Born in Bolzano in 1995 and currently based between Amsterdam and Rome, artist Giulia Crivellaro deploys moving images to investigate the links between temporality, visuality and identity. In her work, stretched, modified, reshaped, and pixelated images remind the viewer of what they’re allowed or not allowed to see: what we think is natural but is, after all, constructed, and the realities which are born every time a specific gaze casts upon an image. Exploring themes such as fragmented temporalities and new mythologies in contemporary visual culture, Giulia draws inspiration from social media imagery and online trends. In this new chapter of Chronically Online, we talked with her about her inspirations, her approach when first starting to work on a film, and her online habits. 

We are fascinated by your use of audiovisual grammar to convey certain feelings shaped by a perception of the world filtered through the online. The zoom that reveals pixels and creates estrangement, the “stillness” that exposes a certain performance of suffering. Can you tell us more about this dimension of your practice?

I have a real passion for images and for suspended moments. Even when I watch a film or a show, what I love most are those instances when reality enters the narrative, sometimes awkwardly; I’m thinking of David Lynch in Twin Peaks, for example. In the series, the director repeatedly chooses to “stay with the image,” lingering on moments that, from a narrative standpoint, might appear as imperfections of the filmic apparatus or as excessively slow compared to the presumed rhythm of the story. 

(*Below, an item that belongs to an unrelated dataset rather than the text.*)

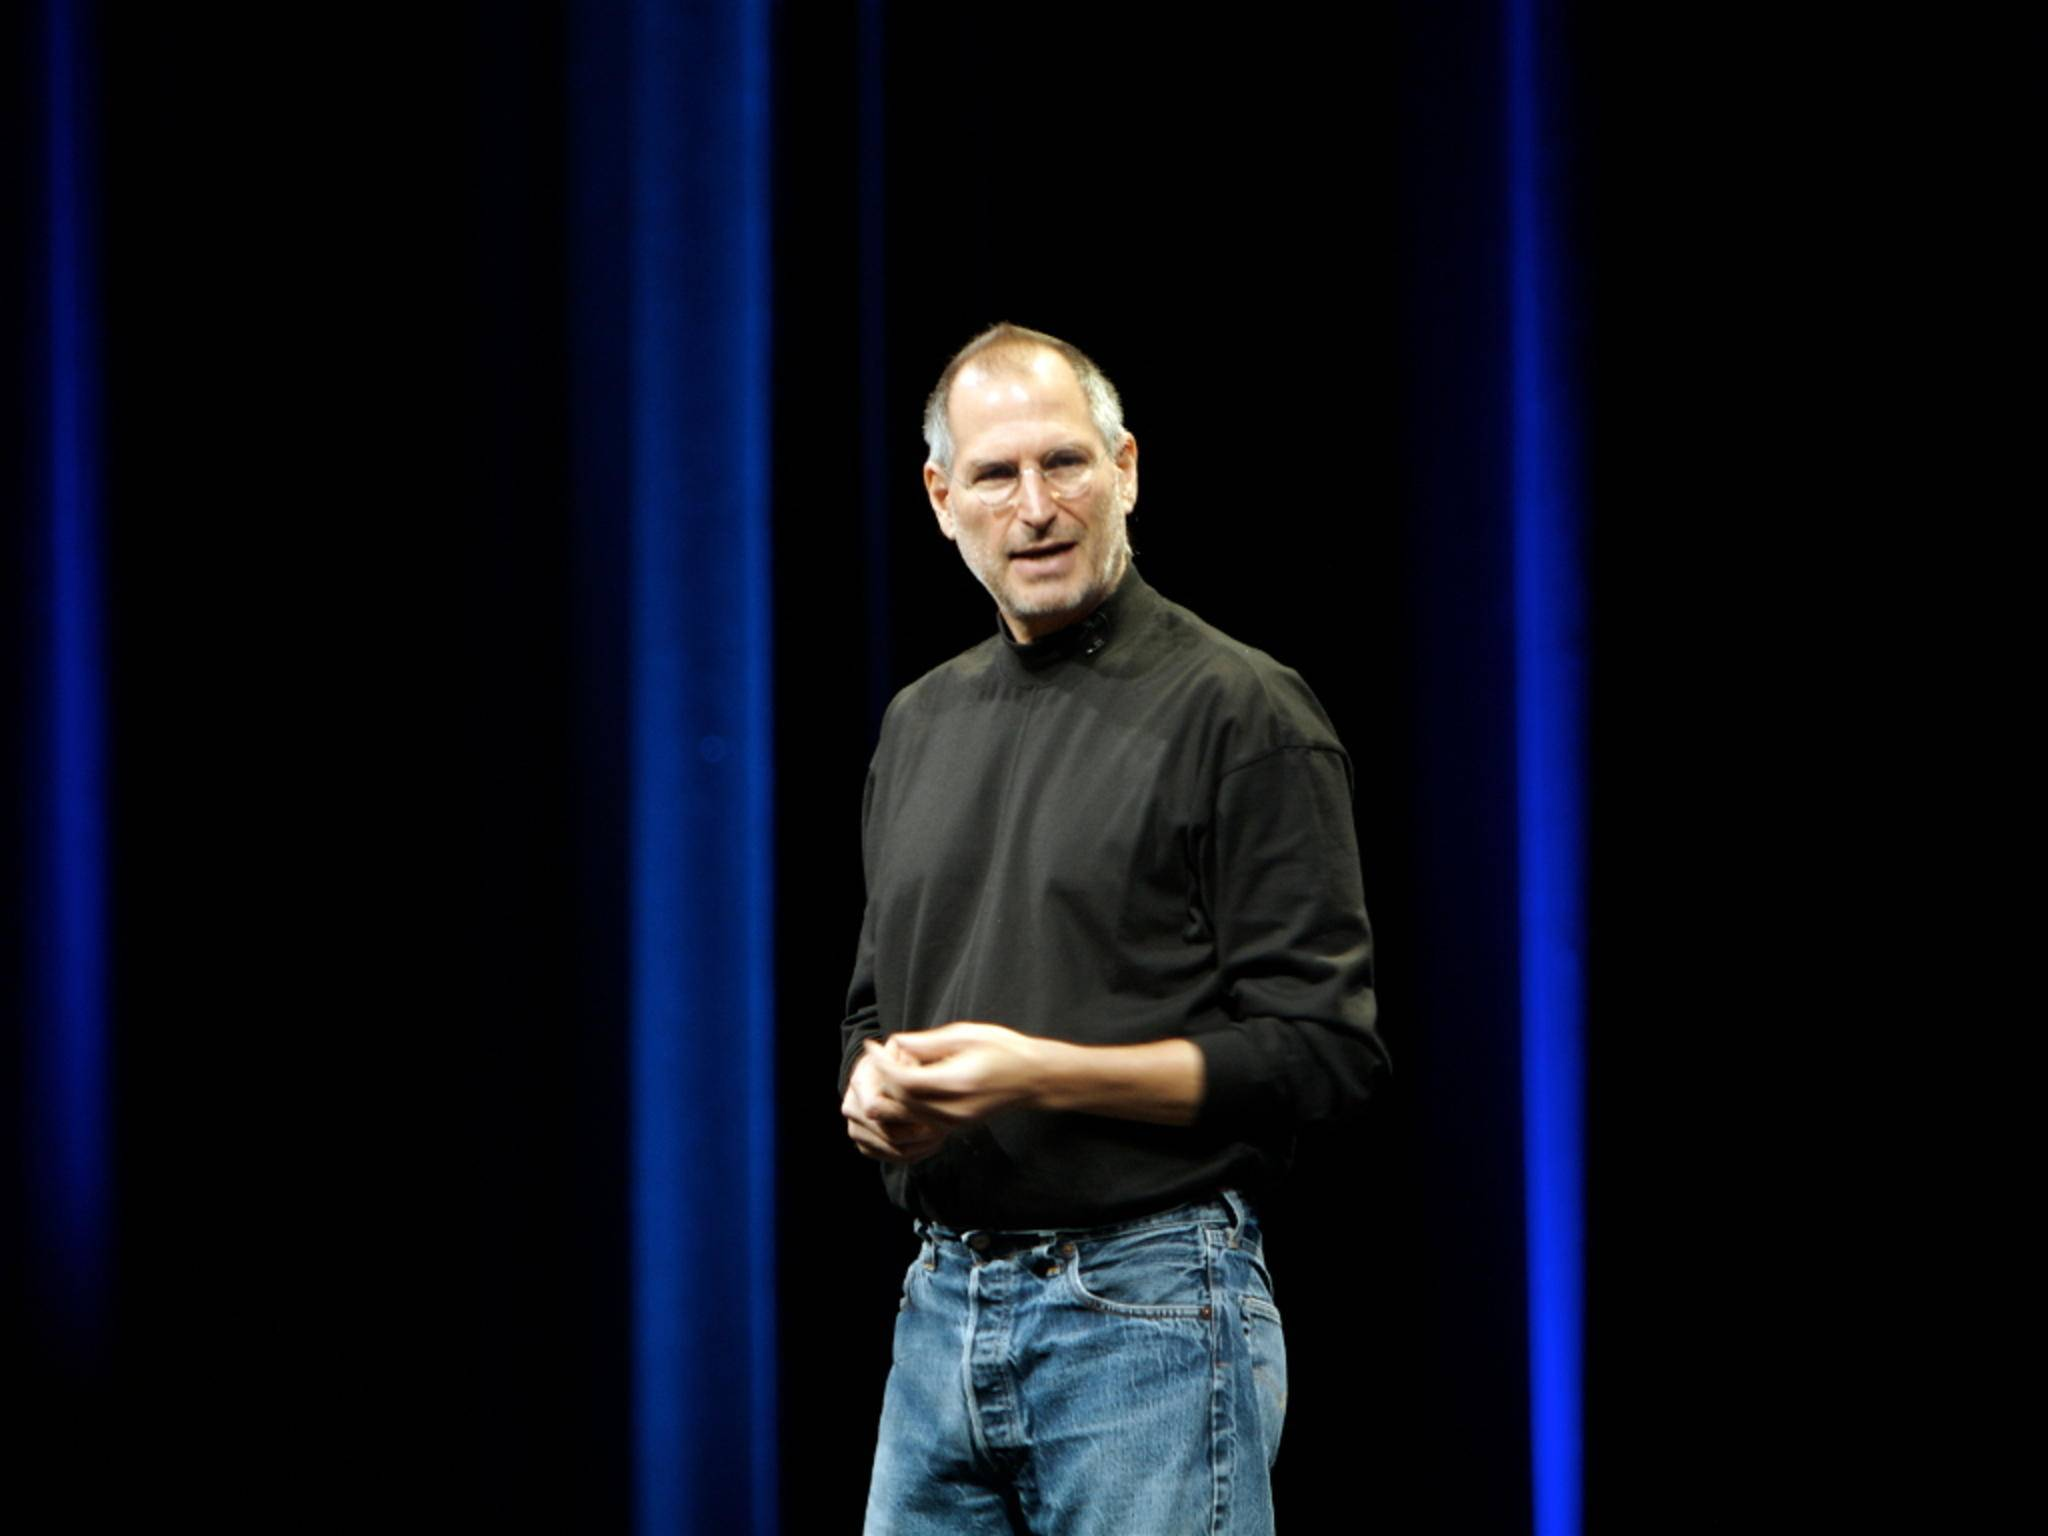 Steve Jobs erfand viel - allerdings nicht die Apple Watch.
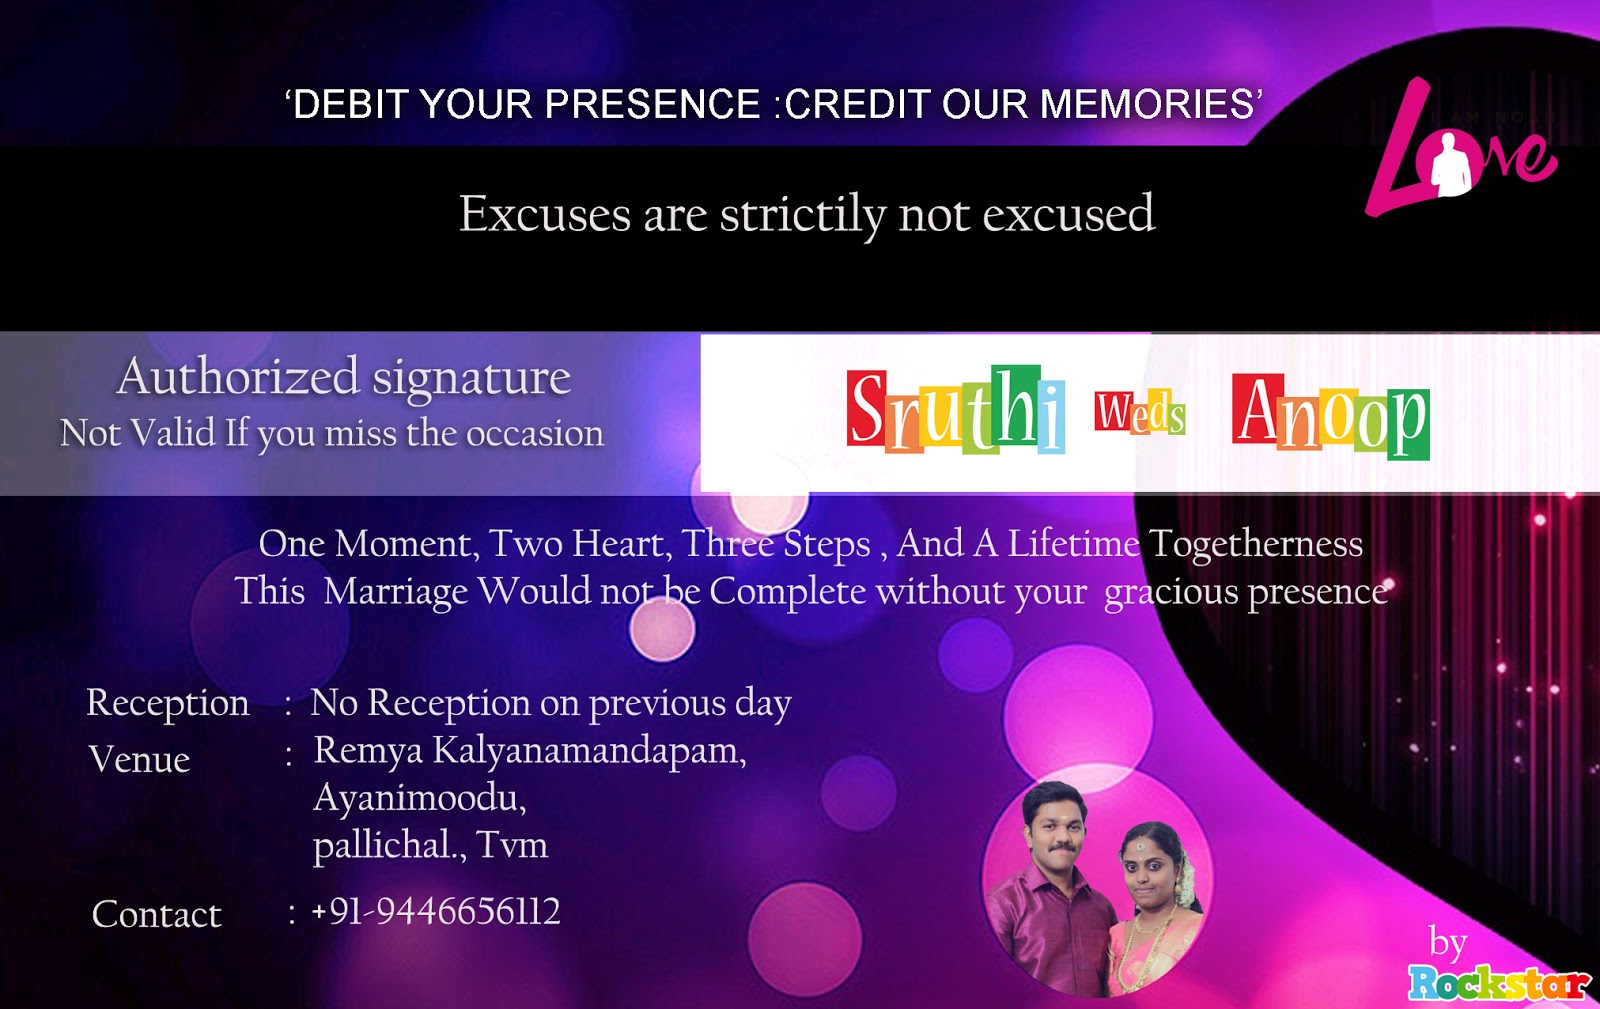 Sreejith rockstar jithu sruthi weds anoop atm style wedding sruthi weds anoop atm style wedding card wedding invitation card design by sreejith rockstar stopboris Choice Image

In my own research, I like to think I do something similar: deliberately choosing to stay with images, to stretch their time or form by enlarging and pixelating them, almost as if to enter into them. In a sense, I believe that the content of what I want to address in my work is already within the image, and that editing or temporal expansion serves more to reveal something than to create it from scratch. Pixelation and stillness, then, are not mere aesthetic choices, but the result of a process of expansion — both material and perceptual.

Not here anymore

What is the relationship, if any, between your practice and audiovisual languages emerging from digital folklore such as ‘corecore’? Are you inspired by them, or would you say your work moves along different tracks?

There is certainly an influence of digital audiovisual language in my practice, although I see it more as a starting point than a point of arrival. Digital language interests me as a dimension of reality in which something can happen, take shape, and exist according to its own space-time: an alternative to tangible reality, yet no less present or detached from cultural constructions and power dynamics. What interests me is the dynamic relationship between the digital and material reality: dimensions I do not perceive as opposites, but as the construction of a territory where materials mix without hierarchy. What often emerges from this is more a question than a certainty. I would describe it as a way of looking at relationships rather than creating from scratch, and digital folklore, in this sense, is an important and heterogeneous landscape of cultural production that develops from its own means and structural characteristics. I think it is essential to remind ourselves, from time to time, that the world we create is shaped by the tools that produce it. In this sense, the digital is not just a tool, but an environment, a territory, a language, and a form of thought.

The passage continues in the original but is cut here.